With the development of positioning devices, Internet-of-Things (IoT) modules, and sensor networks, massive numbers of transportation data that contain considerable undiscovered knowledge have been collected. The exploration of traffic monitoring data can provide deep insight into public transportation facility planning, route optimization, and surveillance purposes. For example, traffic volume data are useful for estimating the design–hour volumes and predicting the travel times [18], and traffic planners trace vehicle the trajectories to optimize the locations of charging stations. There have been a wide variety of research streams in the processing of large datasets in the transportation sector. Zhu et al. [43] predicted the future state of road traffic using a clustering method combined with a recurrent convolutional neural network, Deb and Liew [10] proposed an algorithm for identifying and correcting noisy categorical attribute values in large traffic accident datasets, with a probability measure inferred from statistics within the dataset and Teng et al. developed a multi-step forecasting method for online car-hailing demand [34].

This research was motivated by the real-world application of discovering patterns in the usage of stations in the Vélib’ bicycle sharing system (BSS) in Paris, France. Vélib’ BBS has approximately 14,500 bicycles at 1,230 rental stations located within the Paris metropolitan area [15]. Users are allowed to retrieve and return bikes to any available station, and staff members redistribute bicycles among rental stations overnight. The data contain hourly occupancy information in terms of the available bicycles and docks at each station. In this context, the task of outlier detection is to discover occupancy profiles that differ substantially from or are inconsistent with the remaining set. For instance, in the case of an unexpected system disruption, operators can identify the potential root causes after identifying the outlying trajectory [30]. Outlier detection can also contribute to the adjustment of pricing policies and improve the redistribution efficiency of bikes over stations.

The bike rental occupancy data are continuously measured for all rental stations in real time, which may result in high-dimensional data given a long observation period. Consequently, functional data analysis (FDA) has become a popular statistical tool that assumes that measurement vectors are realizations of functions defined on some continuous domains. Modeling data into functions is a viable way to recover the true nature of the underlying data generation process, and the smoothness characteristic of the functions is robust to measurement noise. Functional outlier detection is important for several reasons. Outliers pose significant challenges in obtaining coherent statistical analyses, resulting in biased estimations, misleading inferences, and poor predictions [29]. However, they may also carry important information regarding the nature of the underlying data-generation process; hence, the identified outliers require further investigation.

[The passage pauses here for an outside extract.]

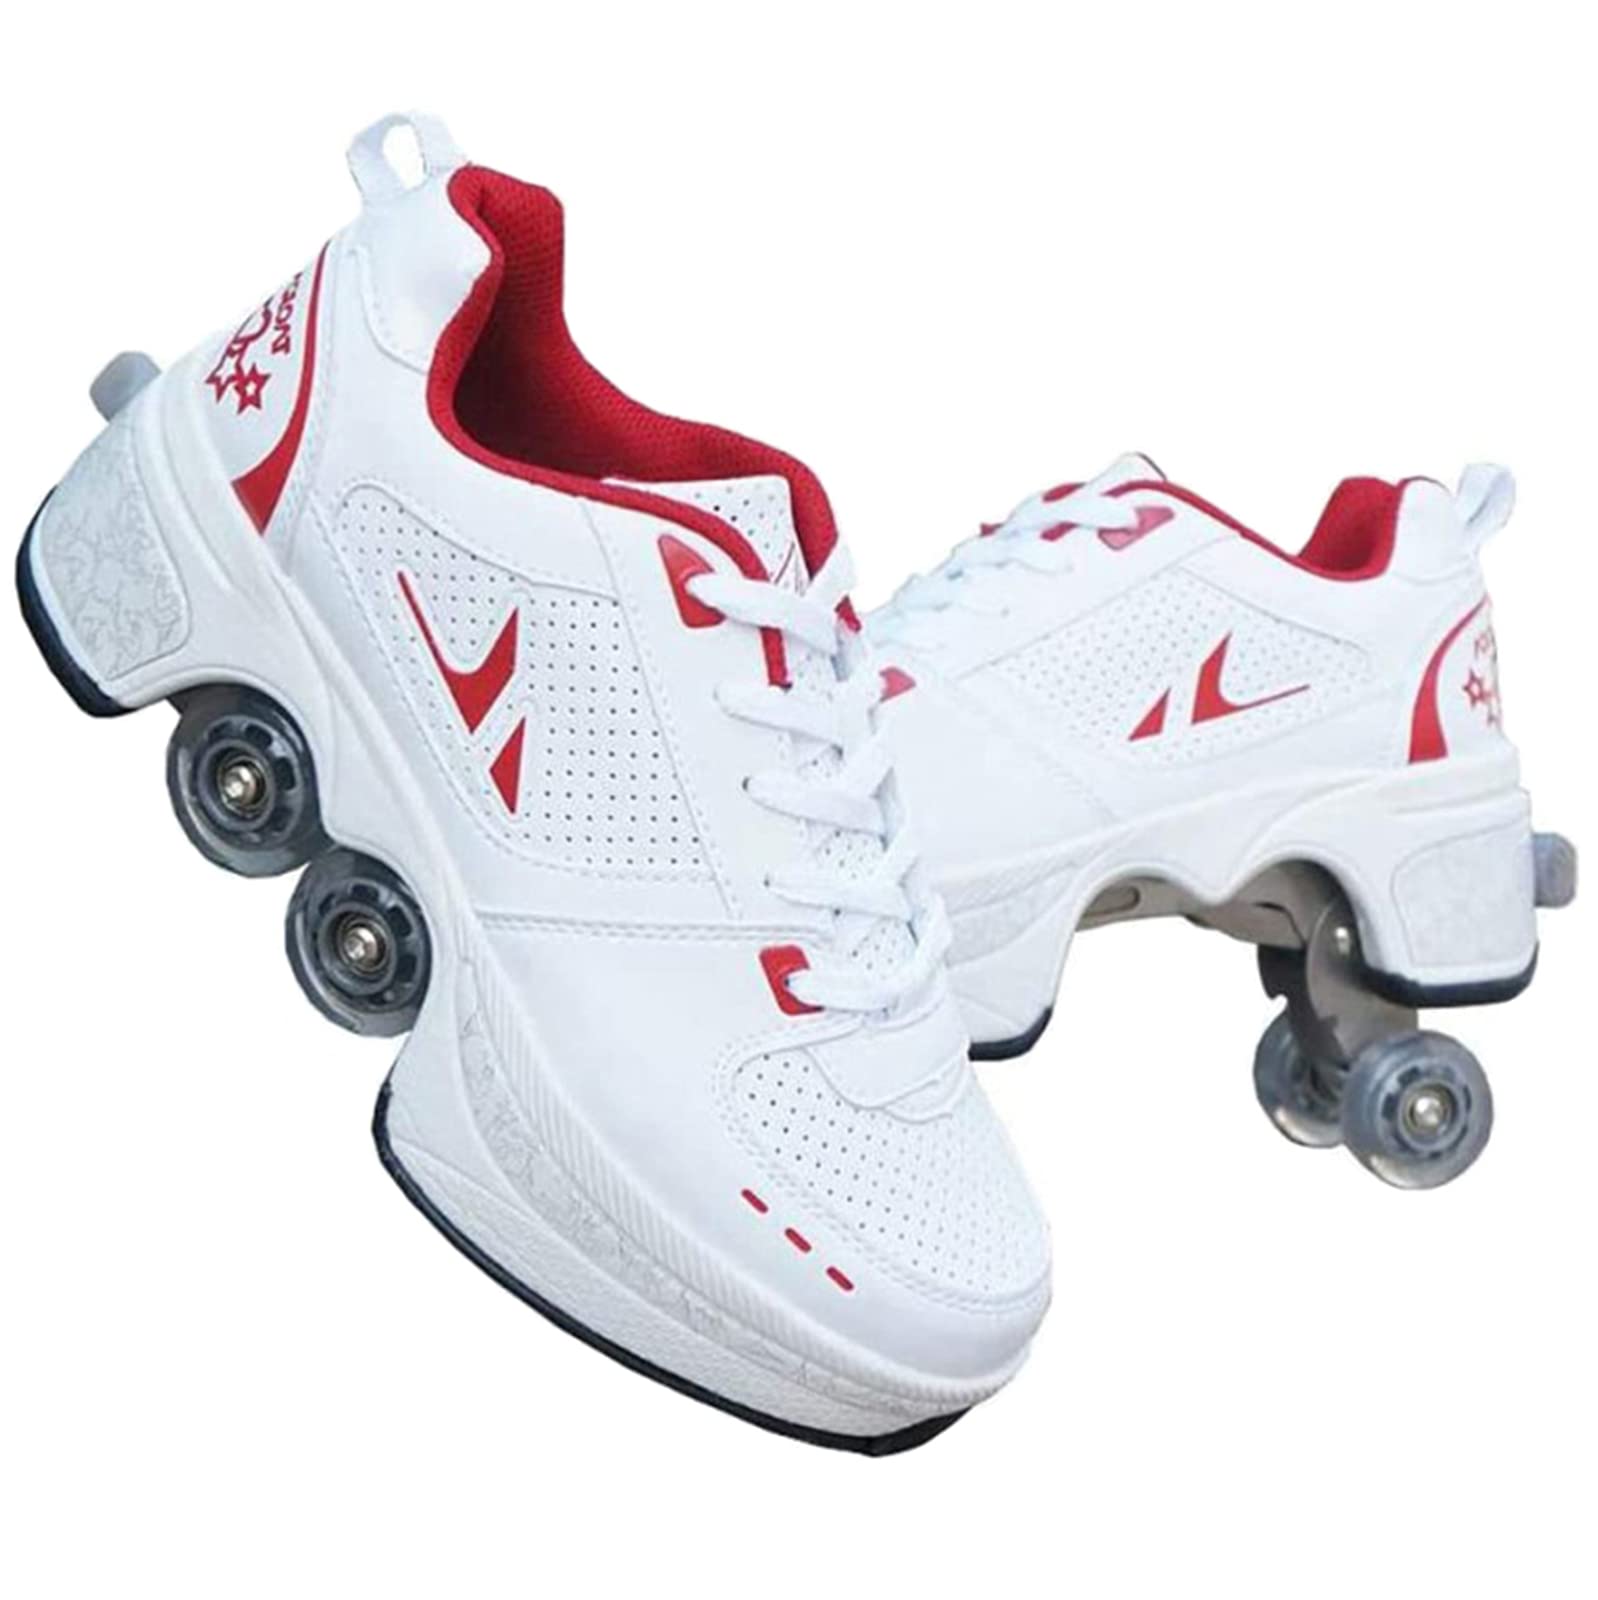 HUOQILIN Pulley Ice Skates,Multifunktionale Verformung Rolle Schuhe Unsichtbare 4-Rad-Rollschuhe Skate Roller Skating Kinder Outdoor-Sport Für Erwachsene Unisex,Red-34

In terms of outlier detection methods for functional data, previous studies have extended outlier detection methods for multivariate data to functional settings; however, they encounter some apparent drawbacks [12]. Given that functional data are intrinsically infinite-dimensional, outlier detection methods for multivariate data are affected by the curse of dimensionality; thus, plotting methods are difficult to visually assess. There are also a limited number of methods that explicitly address the detection of functional outliers. One of the most popular methods is based on graphical approaches utilizing the concept of functional depth, as in [12], [32]. This provides a center-outward ordering score of the set of curves, where curves with a higher depth are close to the center of the functional distribution, whereas functional outliers are far from the center of the data with a significantly lower depth. Another type of approach is based on statistical measures, which include the robust principal component analysis method developed by Hyndman and Ullah [22], the high-breakdown mean function estimator created by Ren et al. [29], and the successive likelihood ratio test and smoothed bootstrapping developed by Febrero et al. [11].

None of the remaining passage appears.